That was the headline of a Minneapolis Police press release on May 25, 2020, in the hours after an unnamed man in his 40s died. Absent from the nearly 200-word post is any mention of officers restraining him on the ground, a knee on his neck, or any sense of how long this “interaction” lasted.
In light of his conviction, that original press release is worth revisiting to understand the ways that police statements can hide the truth with a mix of passive language, blatant omissions and mangled sense of timing.
The post begins by saying that Minneapolis Police officers responded to a report of a “forgery in progress,” and notes that the suspect “appeared to be under the influence.”
“Two officers arrived and located the suspect, a male believed to be in his 40s, in his car. He was ordered to step from his car. After he got out, he physically resisted officers. Officers were able to get the suspect into handcuffs and noted he appeared to be suffering medical distress. Officers called for an ambulance. He was transported to Hennepin County Medical Center by ambulance where he died a short time later.
“At no time were weapons of any type used by anyone involved in this incident. The Minnesota Bureau of Criminal Apprehension has been called in to investigate this incident at the request of the Minneapolis Police Department.
“No officers were injured in the incident. Body worn cameras were on and activated during this incident.”
The post was sent by John Elder, the director of the Office of Public Information under Minneapolis Police.
How police language obscured the truth
Everything in the police post is, technically speaking, true.
The officers did notice he appeared to be in medical distress, and they did call for an ambulance. No weapons were “used,” at least in the sense that they did not shoot him or beat him with a weapon.
But taken together, the post is deeply misleading and works to obscure the officers’ role in his death.
It flips the timing of the handcuffing, hiding the fact that Floyd was in handcuffs nearly from the start of their interaction.

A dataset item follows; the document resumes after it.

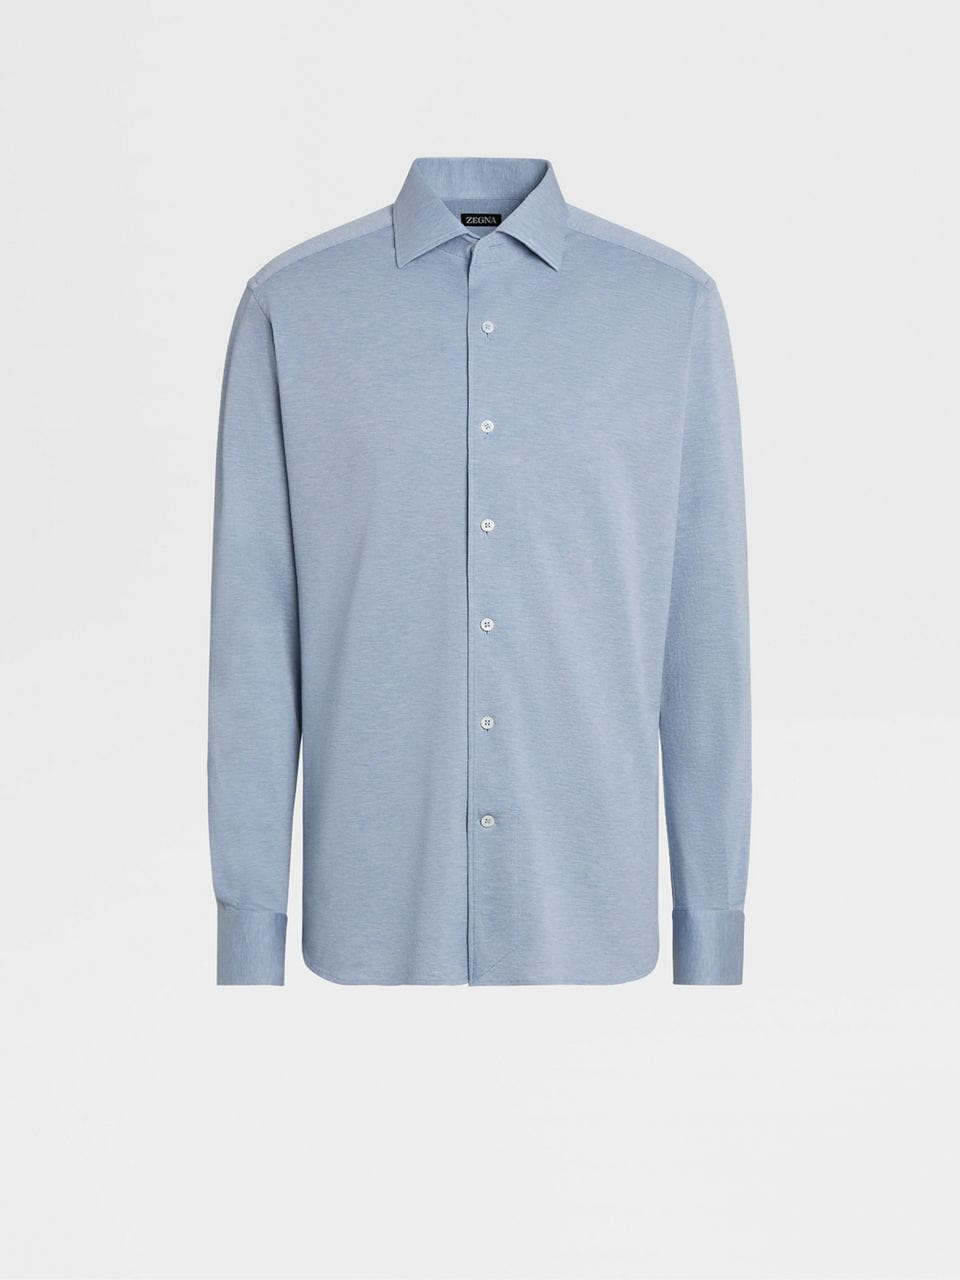 Zegna cotton jersey shirt - Blue

It notes that he was put in handcuffs and “suffering medical distress” in the same sentence, even though they occurred about 20 minutes apart. Most importantly, it ignores what police did in between those two events.
It also does not mention that former officer Thomas Lane pointed his gun at Floyd while he was in his vehicle, which can be interpreted as “using” a weapon.
The 17-year-old, Darnella Frazier, posted her video to Facebook, which was seen by people across the world, including the Minneapolis Police chief. Genevieve Hansen, an off-duty firefighter who was rebuffed from rendering aid to Floyd, also filmed parts of the scene from a slightly different angle. Another high school student used her friend’s phone to film the incident, she testified.
What police did after seeing bystander video
Upon first learning a man had been hospitalized while in police custody, Minneapolis Police Chief Medaria Arradondo alerted the Minnesota Bureau of Criminal Apprehension and called the mayor, he testified in Chauvin’s trial. He then watched video of the arrest from a city camera across the street, but nothing jumped out about it, he testified.
Around midnight, a communications member contacted him to show him Frazier’s bystander video, giving the chief an up-close view of the incident, he testified.
On May 26, as Frazier’s video went viral and sparked widespread outrage, the Minneapolis Police press release was updated with another vague line: “As additional information has been made available, it has been determined that the Federal Bureau of Investigations (sic) will be a part of this investigation.”
On Wednesday, George Floyd’s brother Philonise Floyd said it was the presence of cameras that opened doors for the “historic” verdict in the Chauvin trial.